Task
Would you return, word for word, the lines of the data below from the line with "Руководство Челябинской области" through the line with "roper rhodes aura", and no others?

Records to process
──────
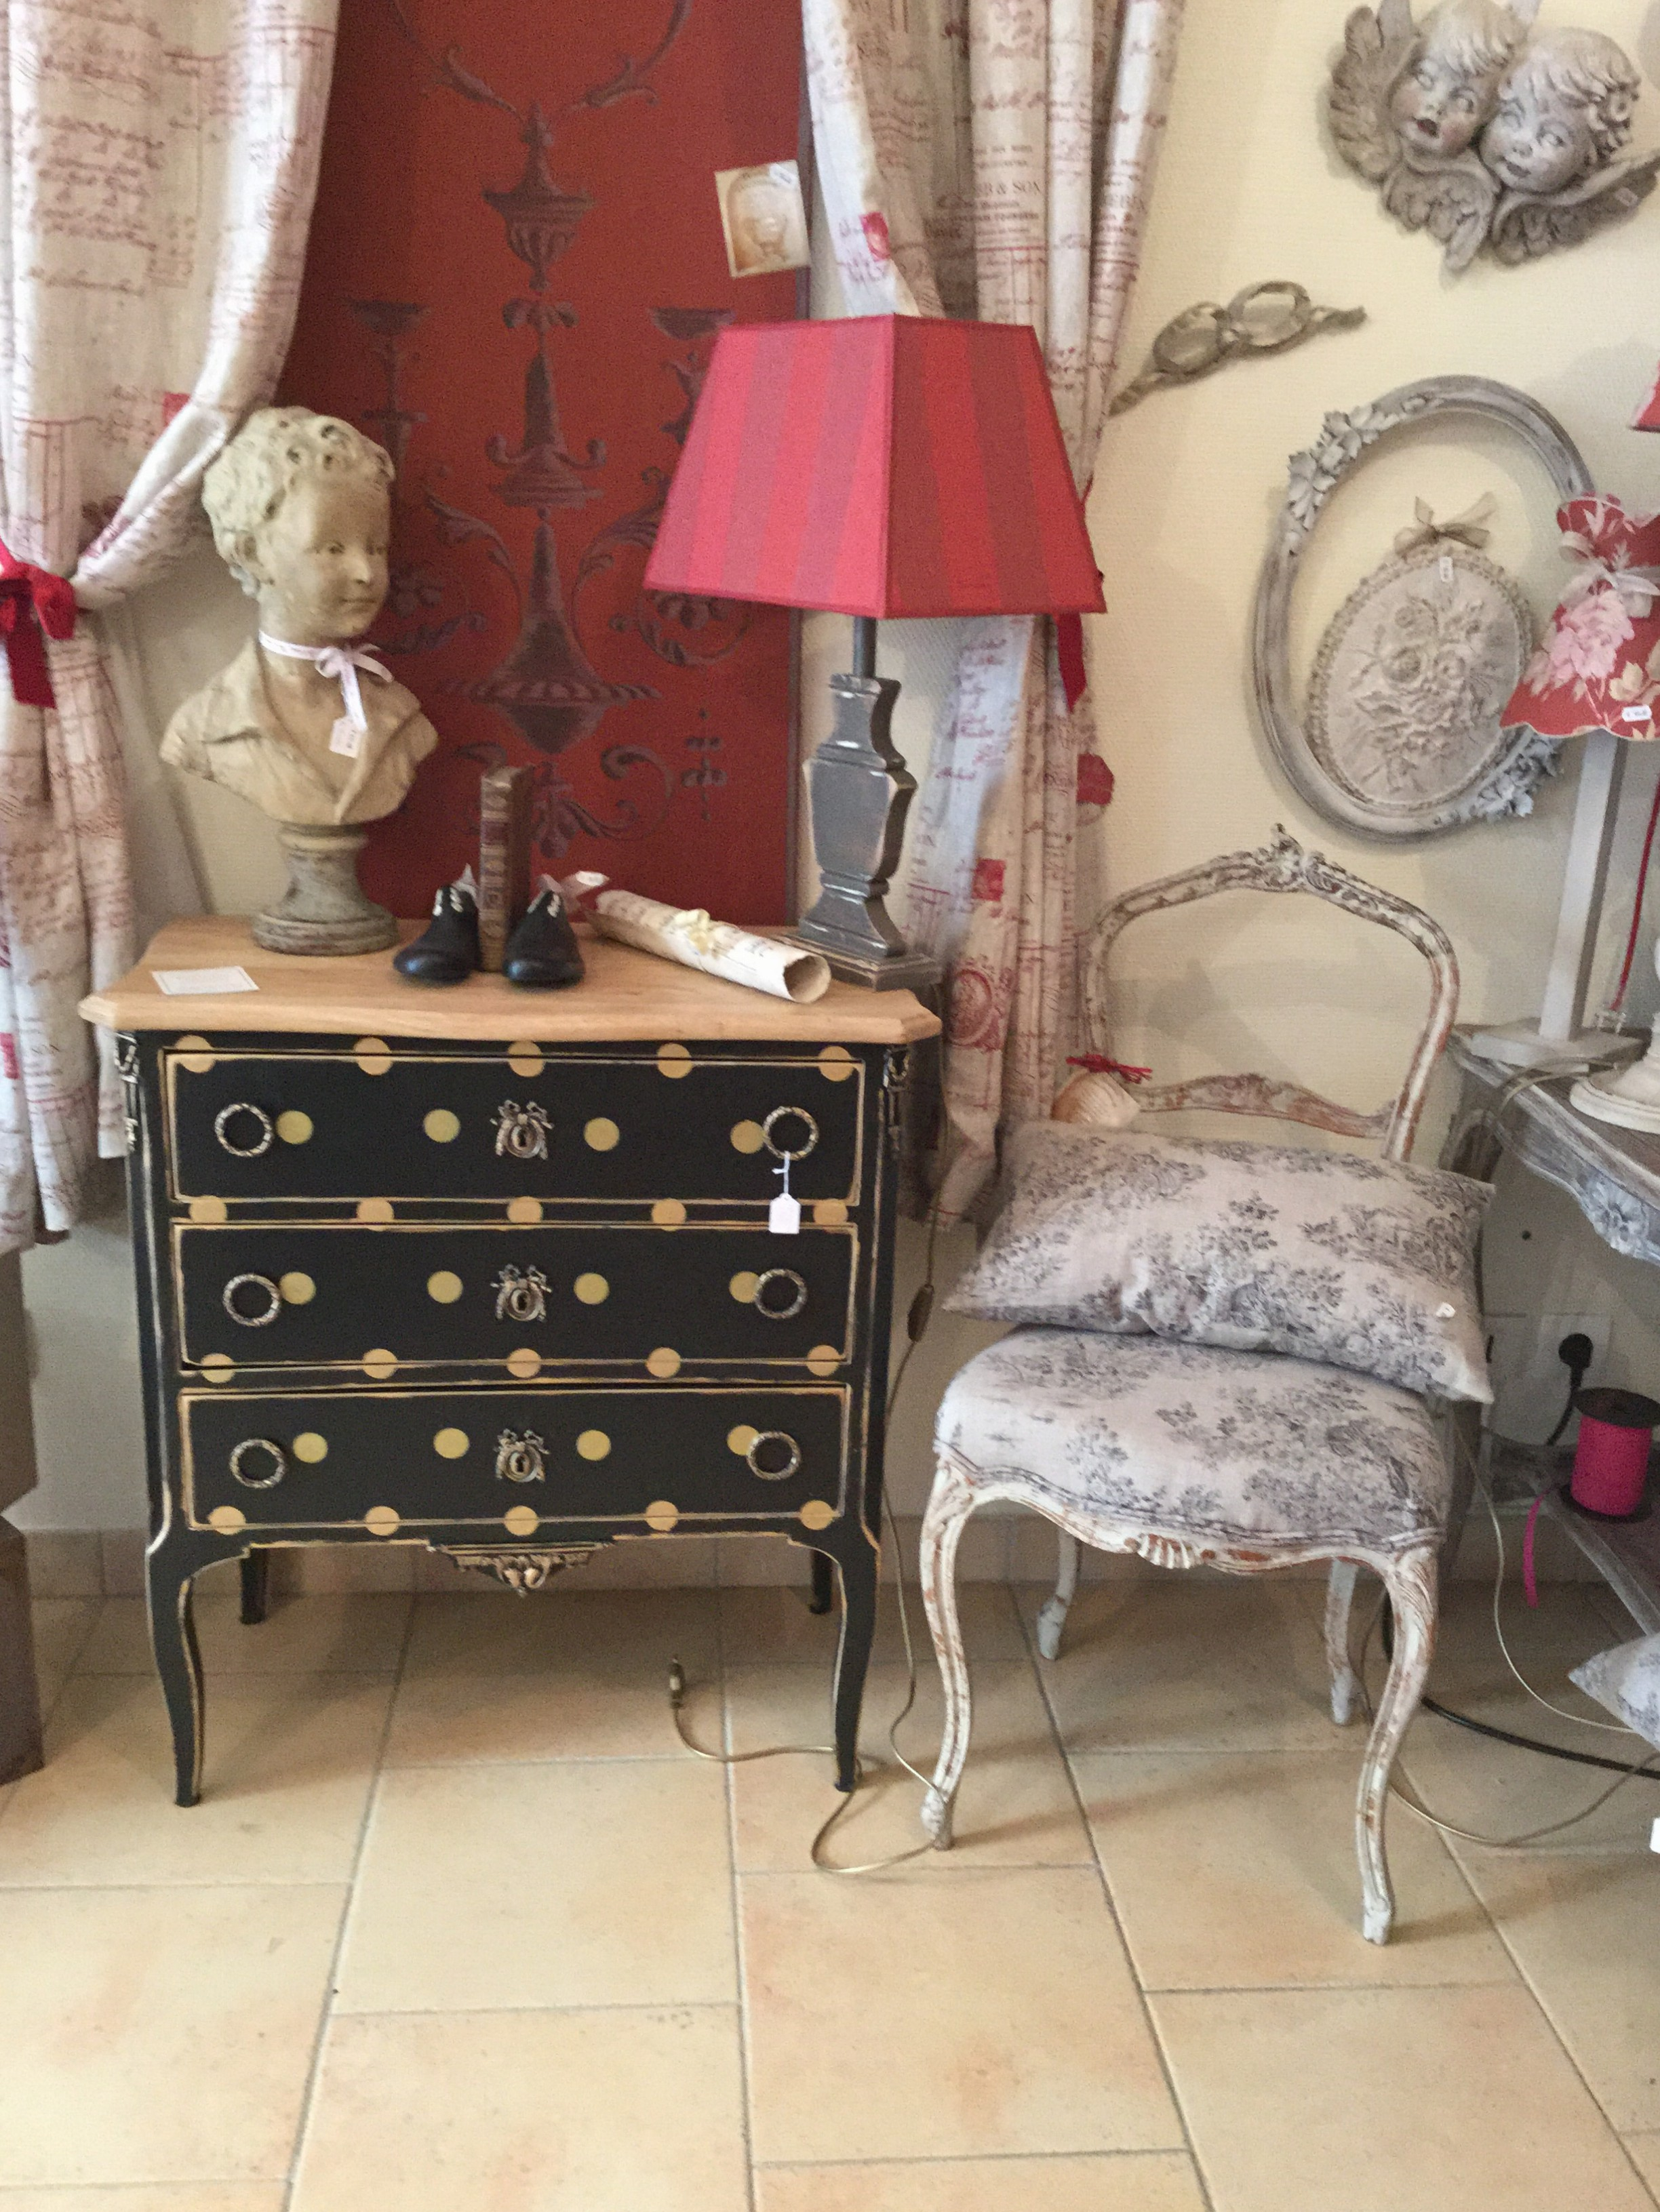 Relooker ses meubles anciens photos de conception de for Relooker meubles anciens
──────
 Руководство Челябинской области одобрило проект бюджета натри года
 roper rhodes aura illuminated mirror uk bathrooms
──────
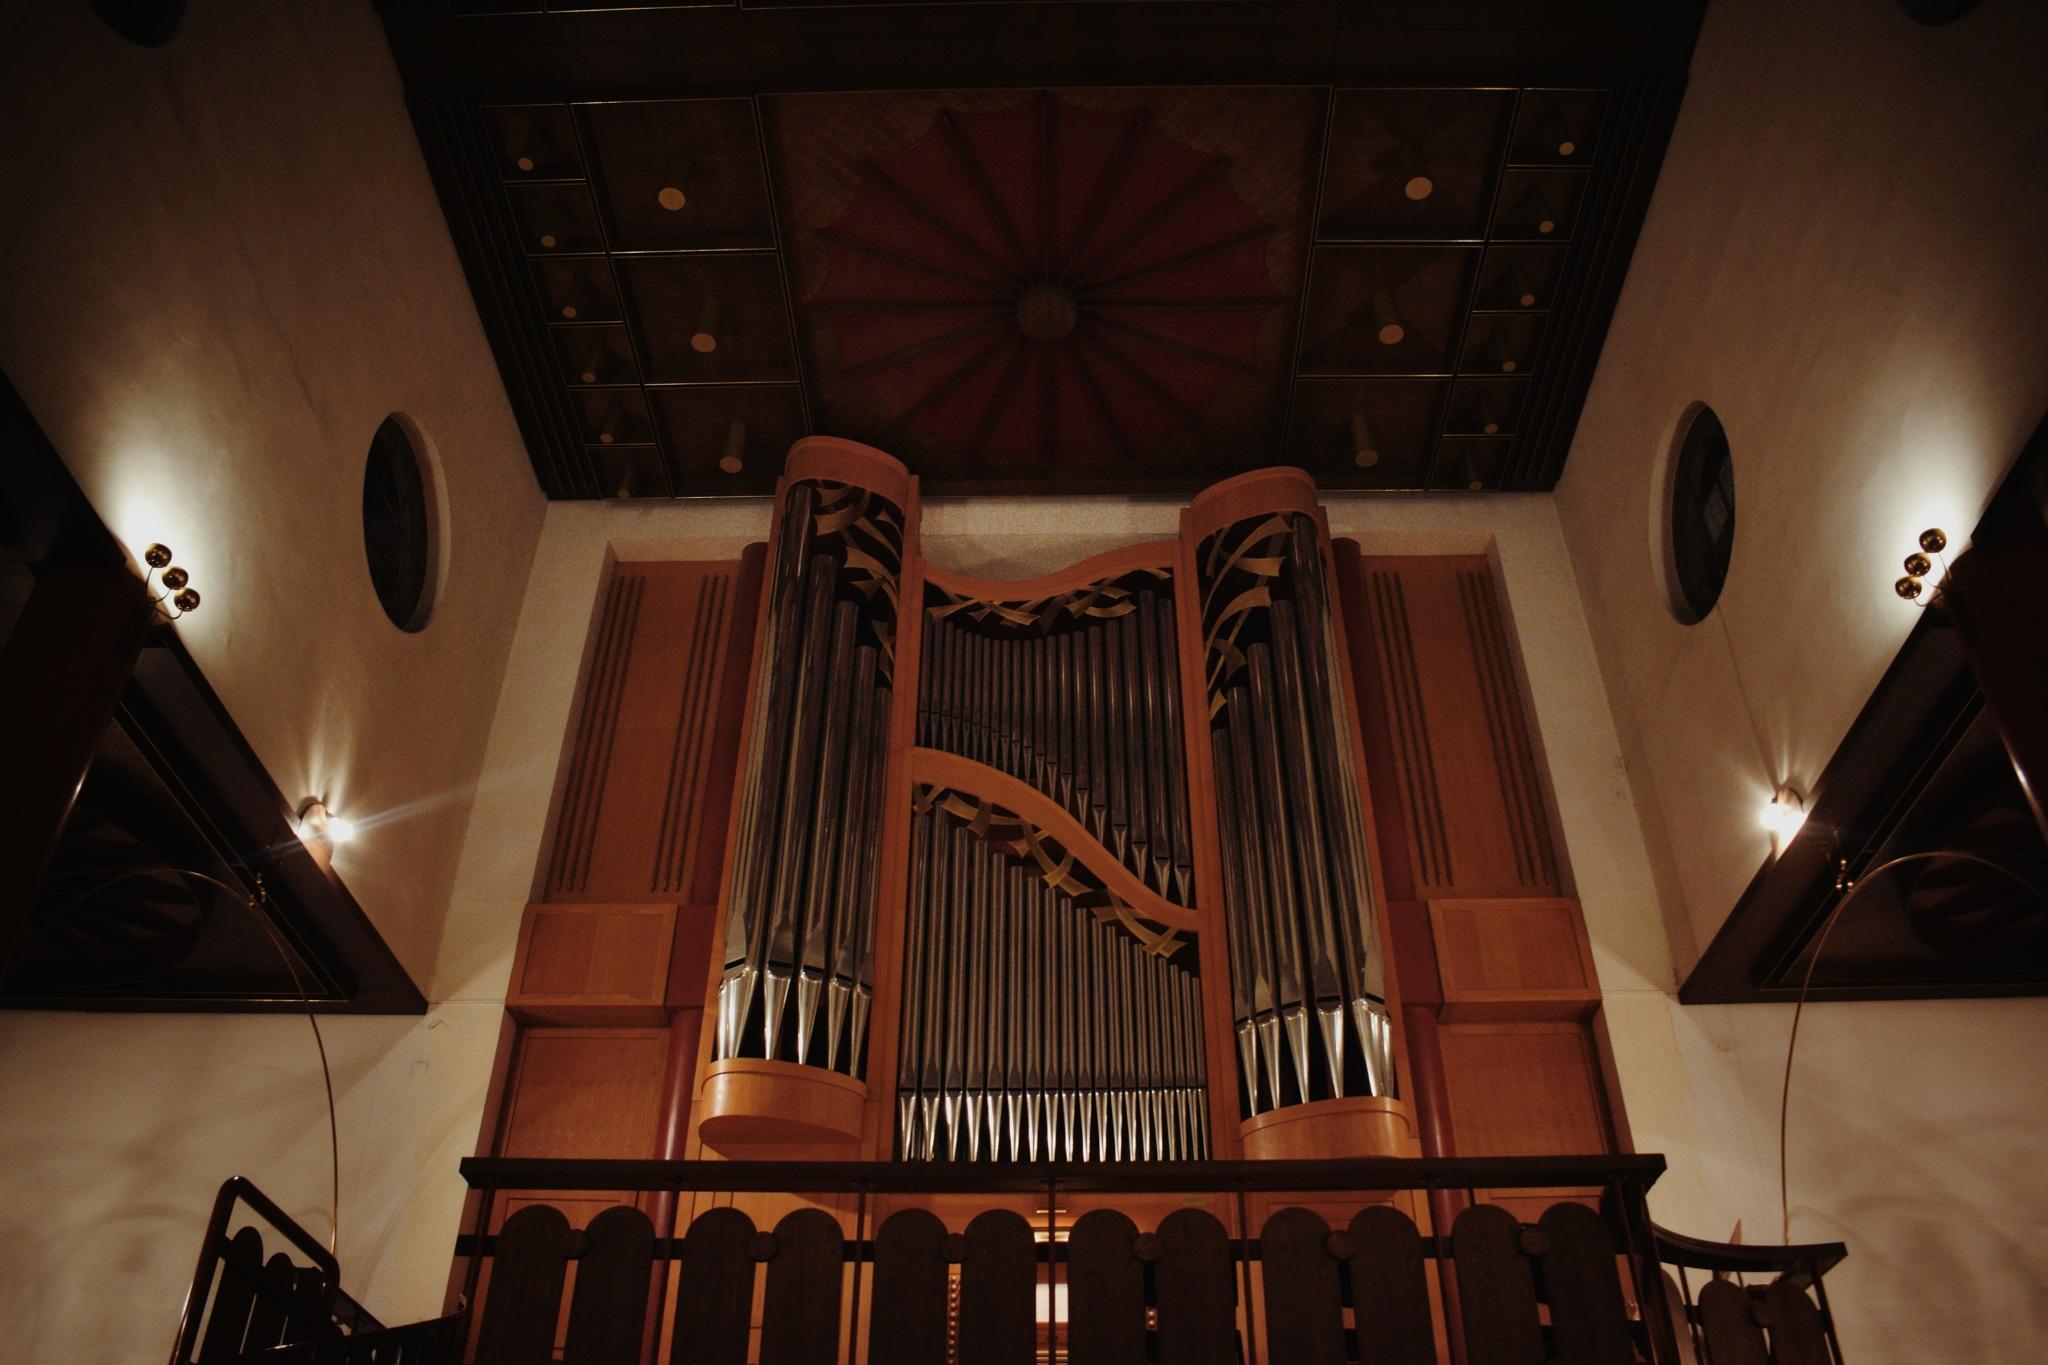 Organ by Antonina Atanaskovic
──────
Task result
 Руководство Челябинской области одобрило проект бюджета натри года
 roper rhodes aura illuminated mirror uk bathrooms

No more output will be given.